Now. I need to get back to writing. I realized I want to add a bunch more to one chapter, so I'm not as close to finished as I had thought! That's okay--I'd rather it be complete than simply completed! If you know what I mean.
Happy 2009! I resolve to blog more often this year...
I'm almost finished with the writing of Choosing Easy World! I just have a few more paragraphs to write plus the acknowledgments page and a final read-through, and barring no startling discoveries, Choosing Easy World will be ready to turn in! I almost hate to see this period end. It's been so nice to feel justified in saying "Sorry, too busy with the book to do ___________ (insert anything other than writing). No, really--I have a tight deadline and I just can't!" This was said mostly to myself, by the way.

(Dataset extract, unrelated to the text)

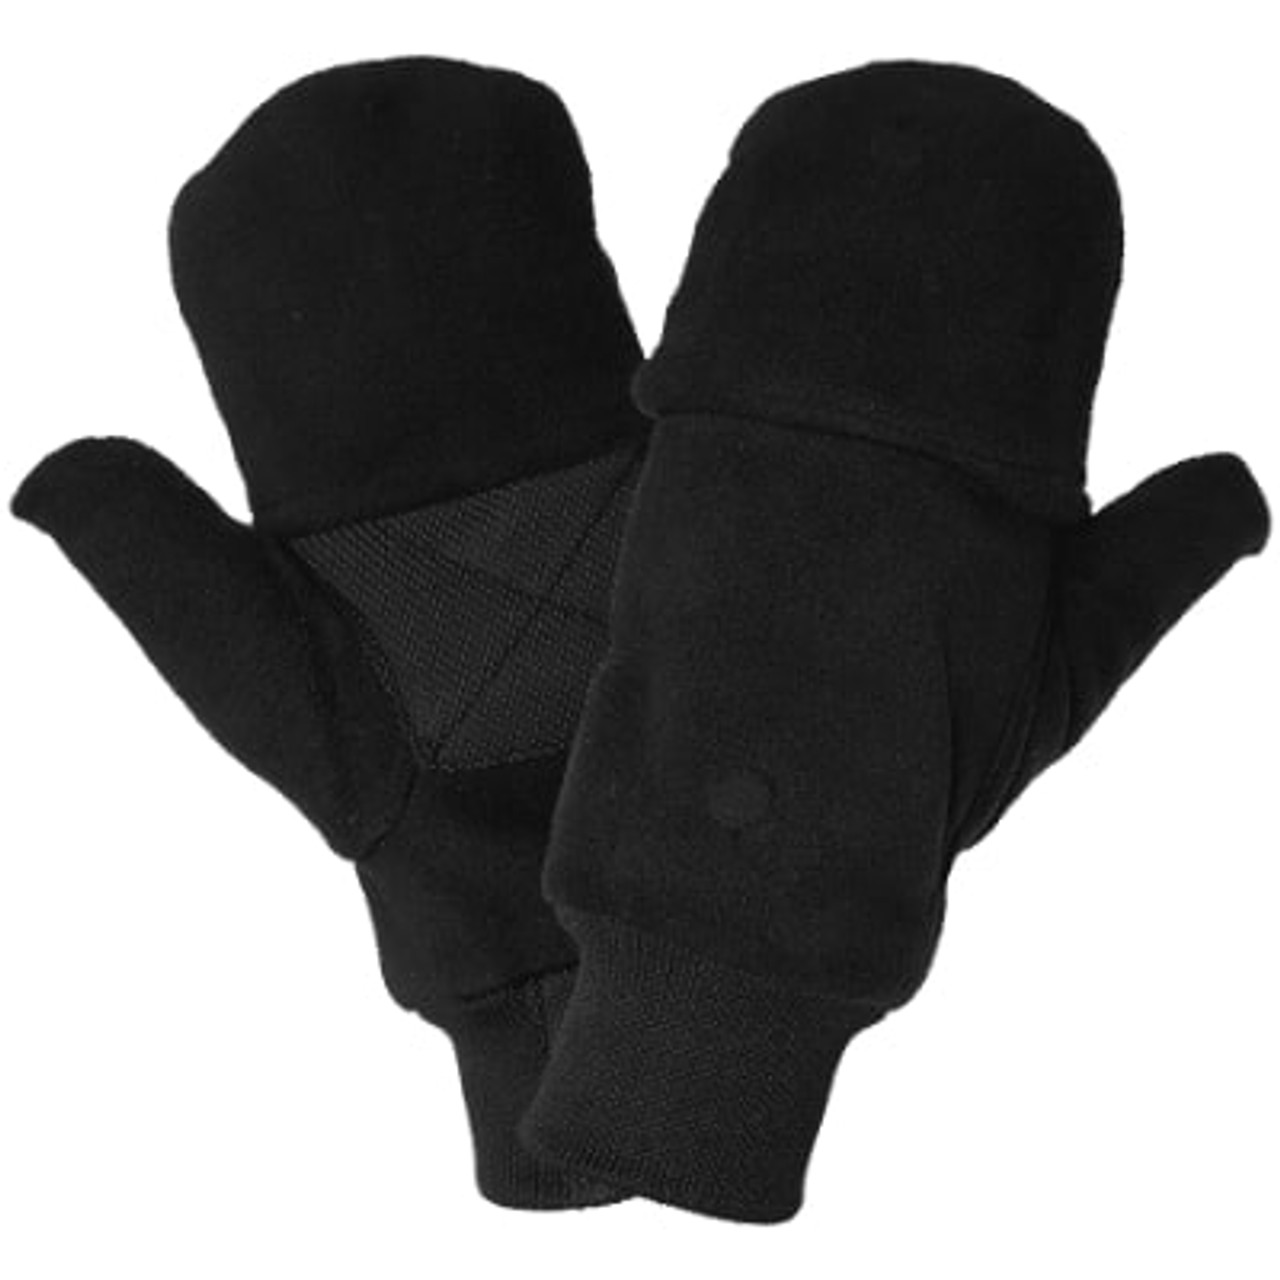  Ice Fishing Gloves - Winter Fishing Gloves - 3M Thinsulate Cold  Weather Convertible Mittens W/ Finger Flaps - Waterproof Fly Fishing Gloves  For Men & Women - Photography Gloves Cold Weather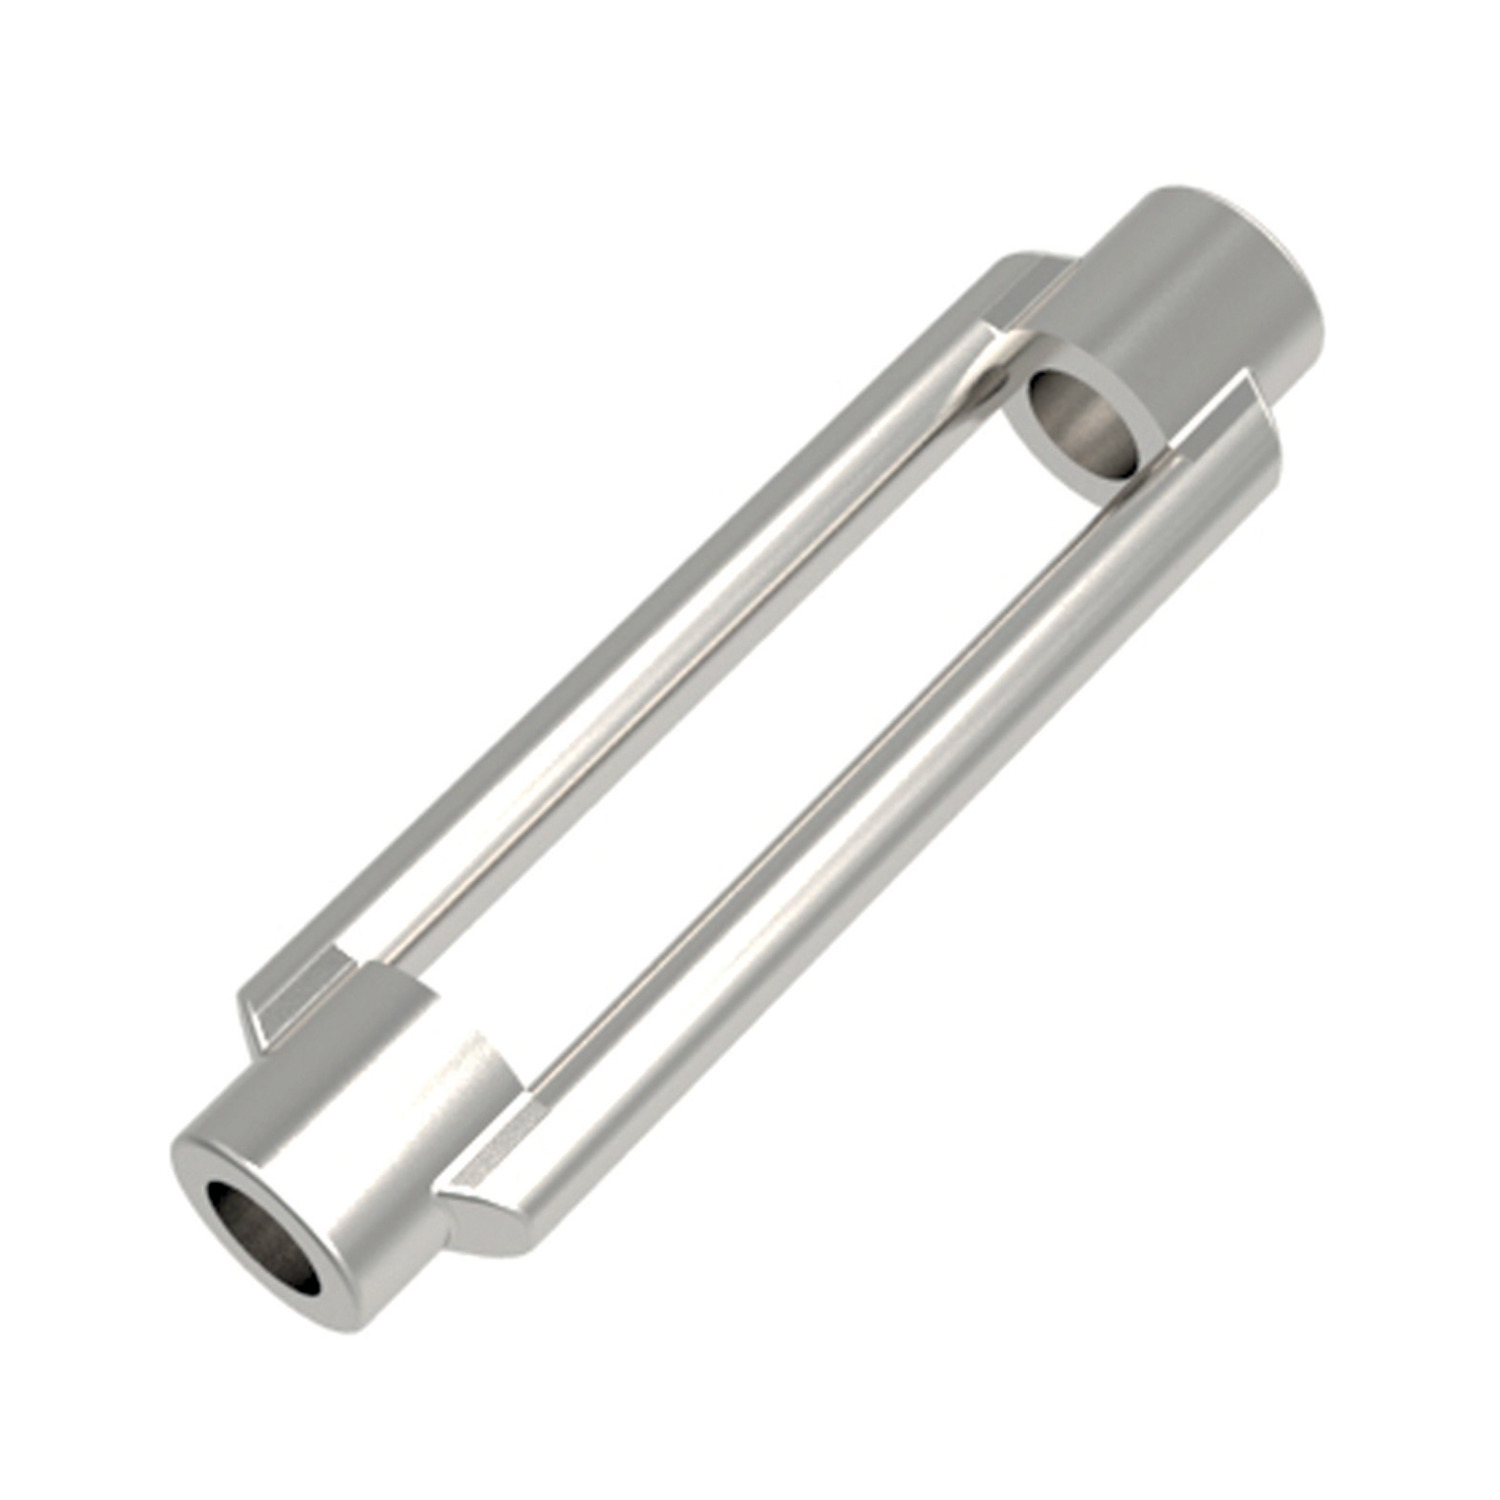 Product R3832, Turnbuckles stainless steel /

Opting out of the Christmas whirlwind was so liberating, I can't even tell you! The only things we did as far as festivities were have the kids over Christmas Eve and go to Rick's Mom's on Christmas Day. The coolest thing about having the girls come is that Rick arranged it and by magic, they were all available, and I made an easy but festive dinner and we all had such a great time. No stressing--just Easy World! Our time with Rick's mom was great, too.
The attunement special I've got going has been extremely popular. My calendar is getting quite full. But I love doing them, and with taking an attunement sabbatical to write the book, it's been awhile since I have done any, so I'm thrilled to be a little swamped with attunement appointments!
Tomorrow--or, rather, today, Tuesday, if you're on either my main mailing list or on the Easy World Power Thought list, you'll get a mailing that includes one of the stories that are going to be in the book. It's by Jacqueline Stone, a friend of mine I met online. She's a powerful soul who has taken on quite the challenging life and is awakening to her true power by using her spiritual truth to transcend the challenges. She is a shining example of how to move through difficulty by relying on her Spirit and I believe she is lighting the way for others to see how to do that. She is truly an inspiration! Be sure to read her story about coming very, very close to losing her home and how she turned the situation around.
Meanwhile, here's a little food for thought: What if your choice to either listen to your short-sighted ego or listen to your all-wise Spirit determined what happens next for you? It does.
By the way, the photo at the top is of the amaryllis that came from the biggest bulb I've ever had (I buy one every holiday season--kudos to Rick for choosing this one!). It had 2 stalks and one of the stalks had 5 trumpets! (the other had 4). I got the interesting effect of the dark background somewhat by accident. It was late one night and I was playing around with the camera and shot into the mirror behind it (with one lamp on to the left of the flowers) and that's the result. I'd like to claim that I knew what I was doing but it was a total fluke. The amazing thing is that it looks like one of my fabulous artist sister Ann Salisbury's paintings--check it out!